We are speaking just after a newspaper article by Robert Hannigan, the new head of GCHQ, claimed that technological companies such as Twitter and Facebook have become facilitators of terrorism. It seems a world away from the wartime collaboration with British firms at Bletchley Park.

As does the revelation by Edward Snowden of the enormous extent of data collection and trawling by US and UK intelligence agencies without a warrant. Scarlett says it is “unimaginable” to imagine a Snowden figure back to the 1940s. “You are talking about someone who goes out in public and makes a public exposure. Of course it was possible there would have been a traitor who would have betrayed operations to the other side.”

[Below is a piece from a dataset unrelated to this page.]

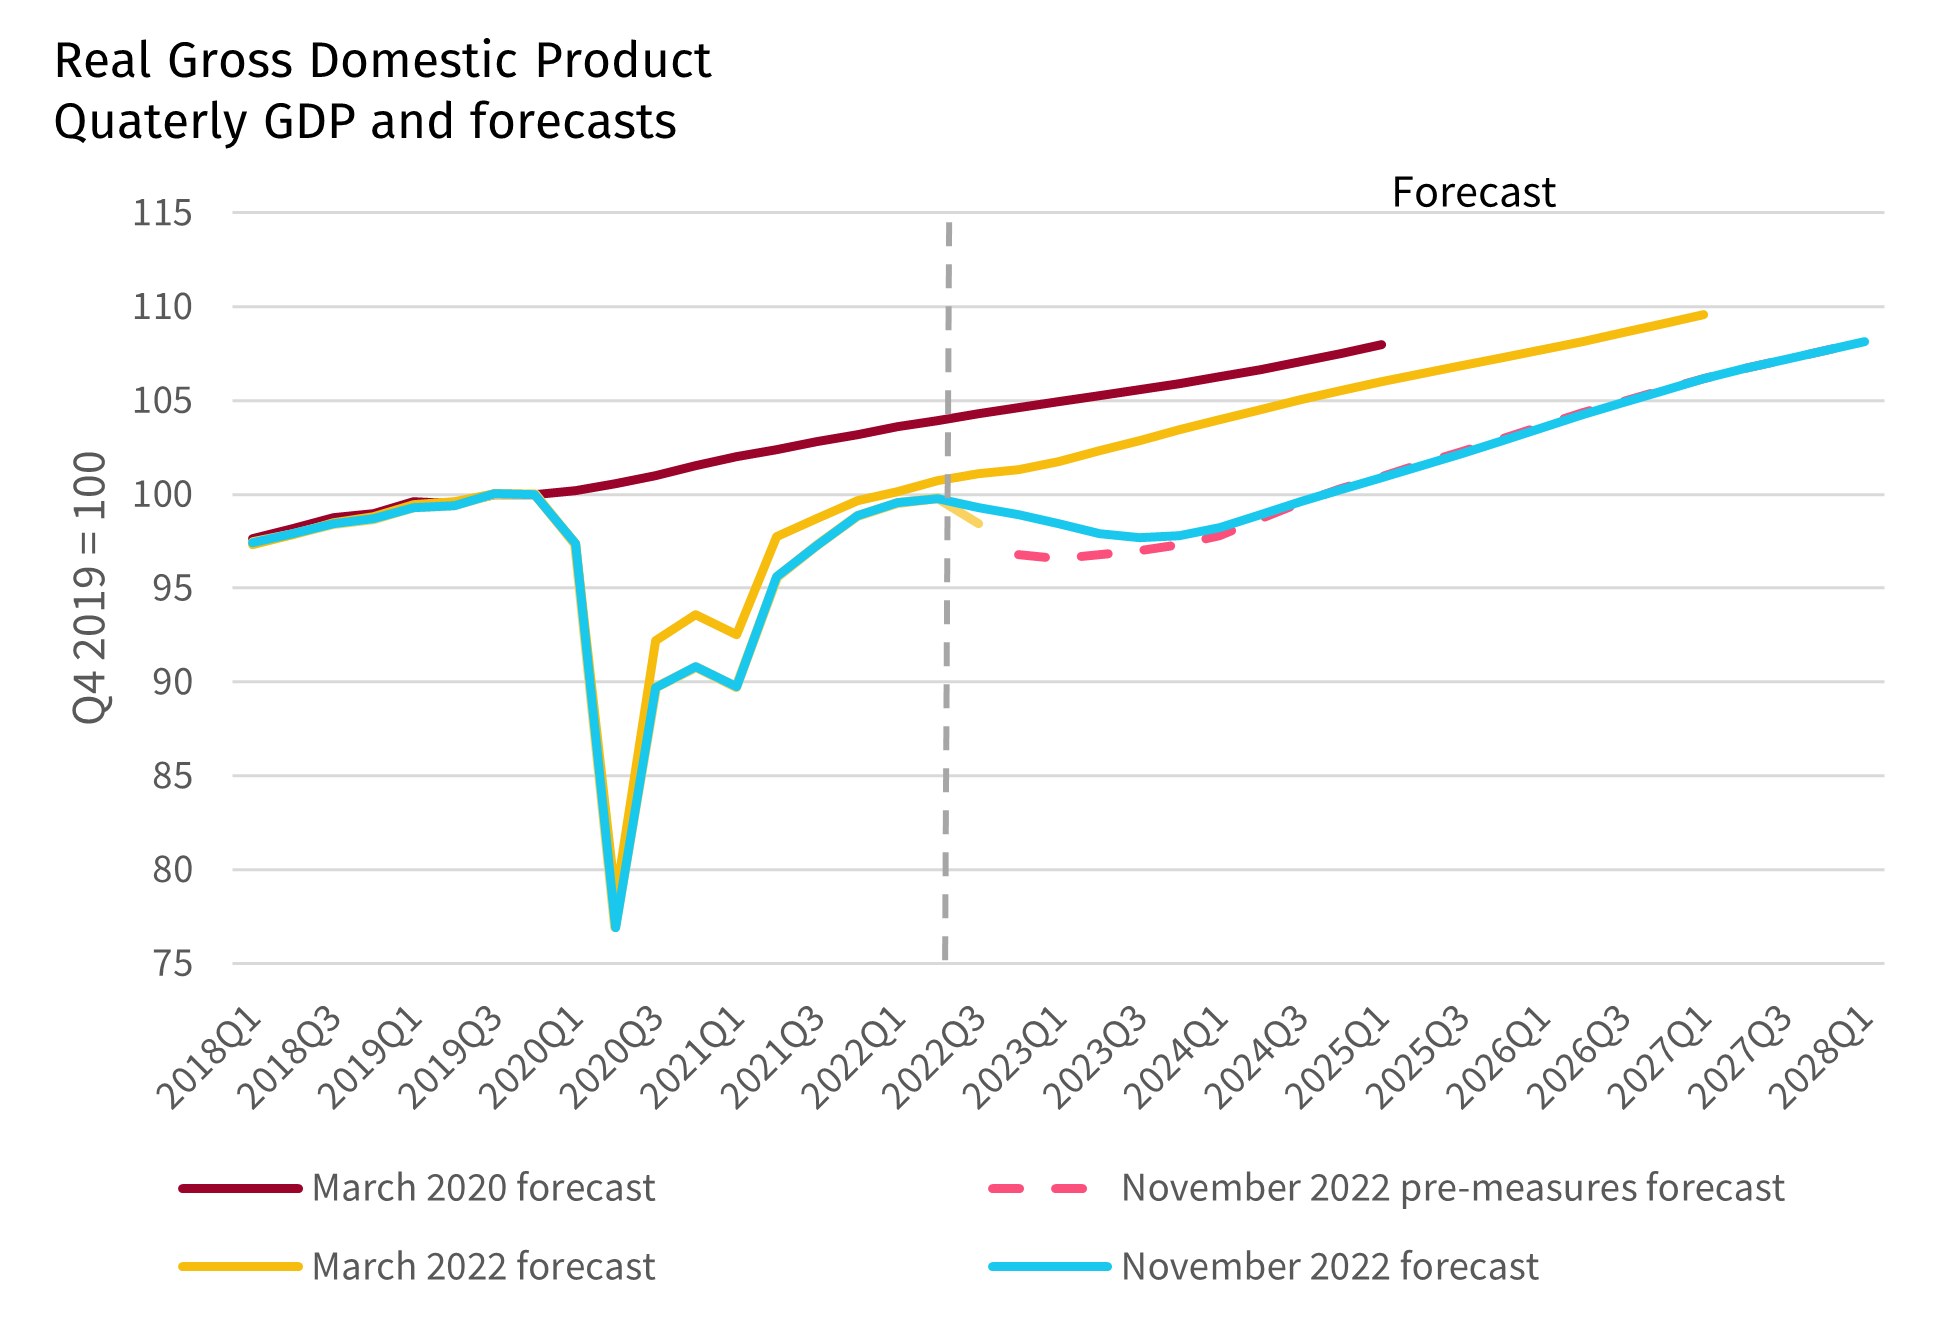 Line chart showing OBR forecasts for UK Real GDP in March 2020, March 2022 and November 2022.

The key difference, of course, is that today’s enemy is not using a unique code to communicate but the same mobile phones, internet and social media as the rest of us.  Which raises the issue of civil liberties being infringed by intelligence work aimed at jihadist terrorists in a way that cracking Germany‘s use of Enigma machines simply did not.

“There is a big difference between a state-run machine and when you can’t distinguish between state structures and civilian and social media. There has been a multiplicity of channels which has grown up on the internet. The question is how to protect yourself. I don’t think anyone is denying that the codes of those making a direct physical threat against you and the communications of people planning such attacks need to be intercepted and understood.”

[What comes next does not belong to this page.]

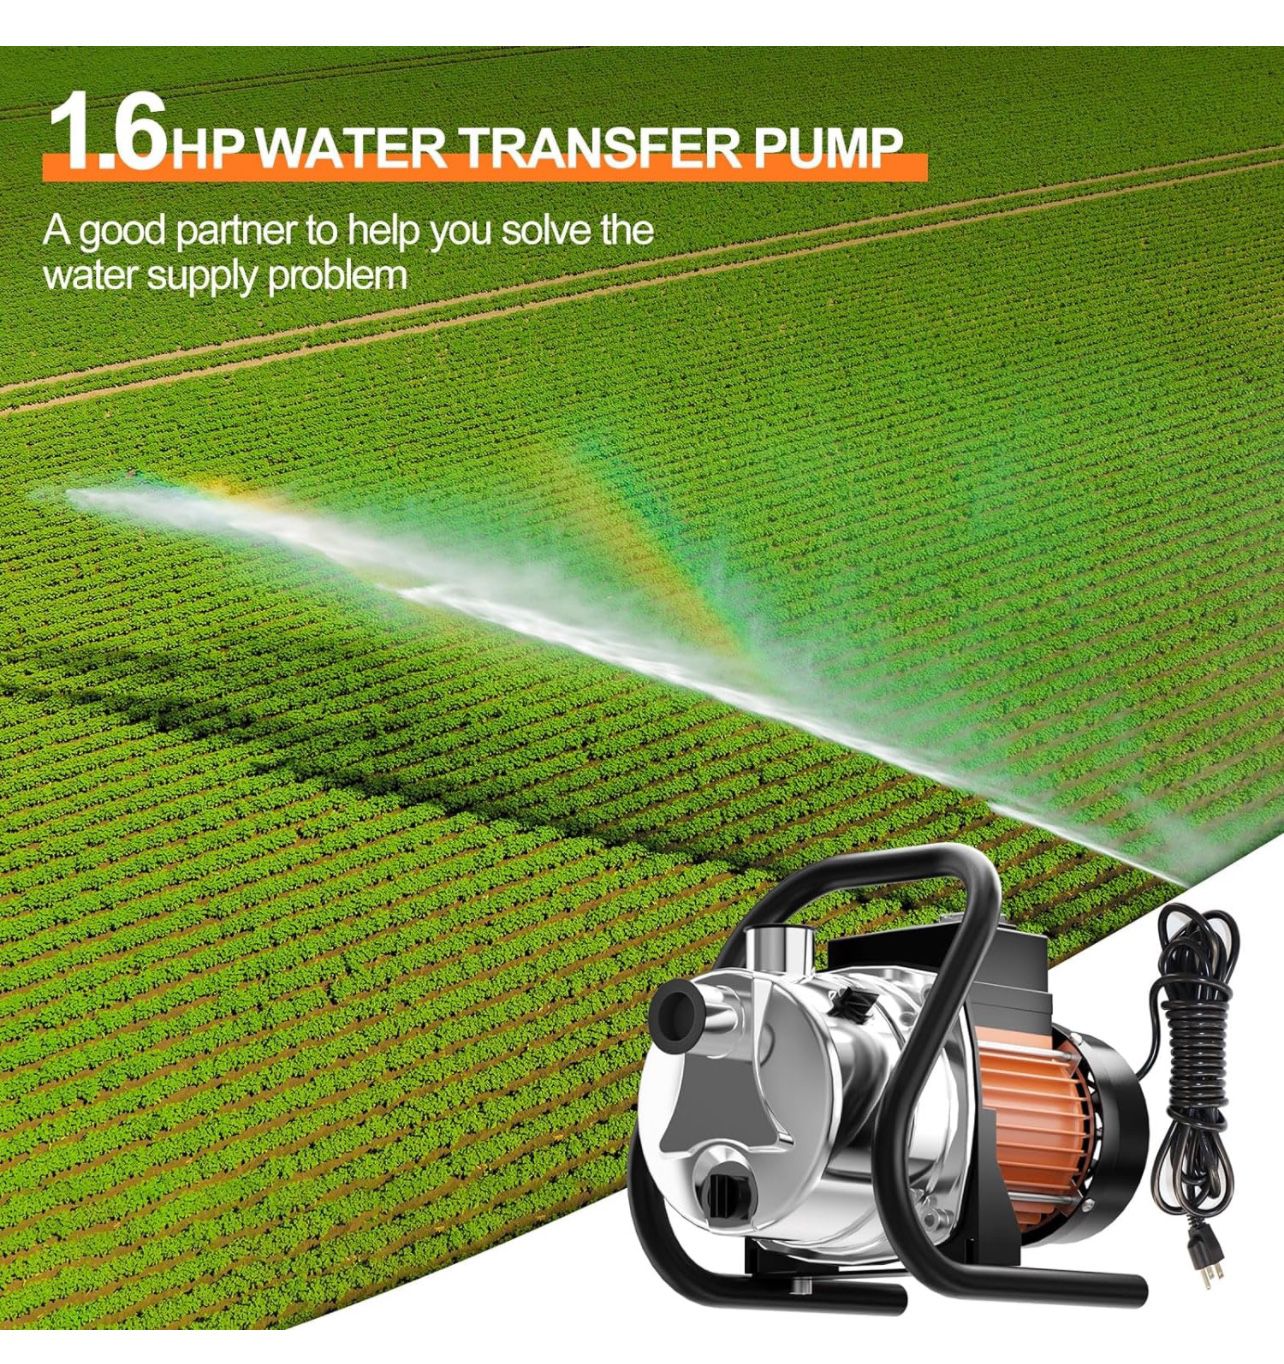 1.6HP Portable Water Transfer Pump 1200GPH Shallow Well Pump Garden Booster Sprinkler Pumps for Irrigation Lawn Farm Water Removal

Scarlett doesn’t really wish to be drawn much further on this, beyond pointing out that intelligence-gathering needs to be carried out within “proper legal perameters” and that Hannigan’s comments “require careful thought and careful study”.

I ask him if Alan Turing would get a job with today’s Secret Intelligence Service, or MI6, given that Scarlett has previously said that there was no room for “crackpots or mavericks”.

“Well, he wasn’t in SIS. But actually I am not saying he was a crackpot. He was a very brilliant man.”

Still, it points to the continuing difference in skill sets between the codebreakers at GCHQ and intelligence officers at MI6 that Scarlett doesn’t answer my question directly. “Certainly there would be room for someone of Alan Turing’s brilliance, discipline and patriotism in the British intelligence community.”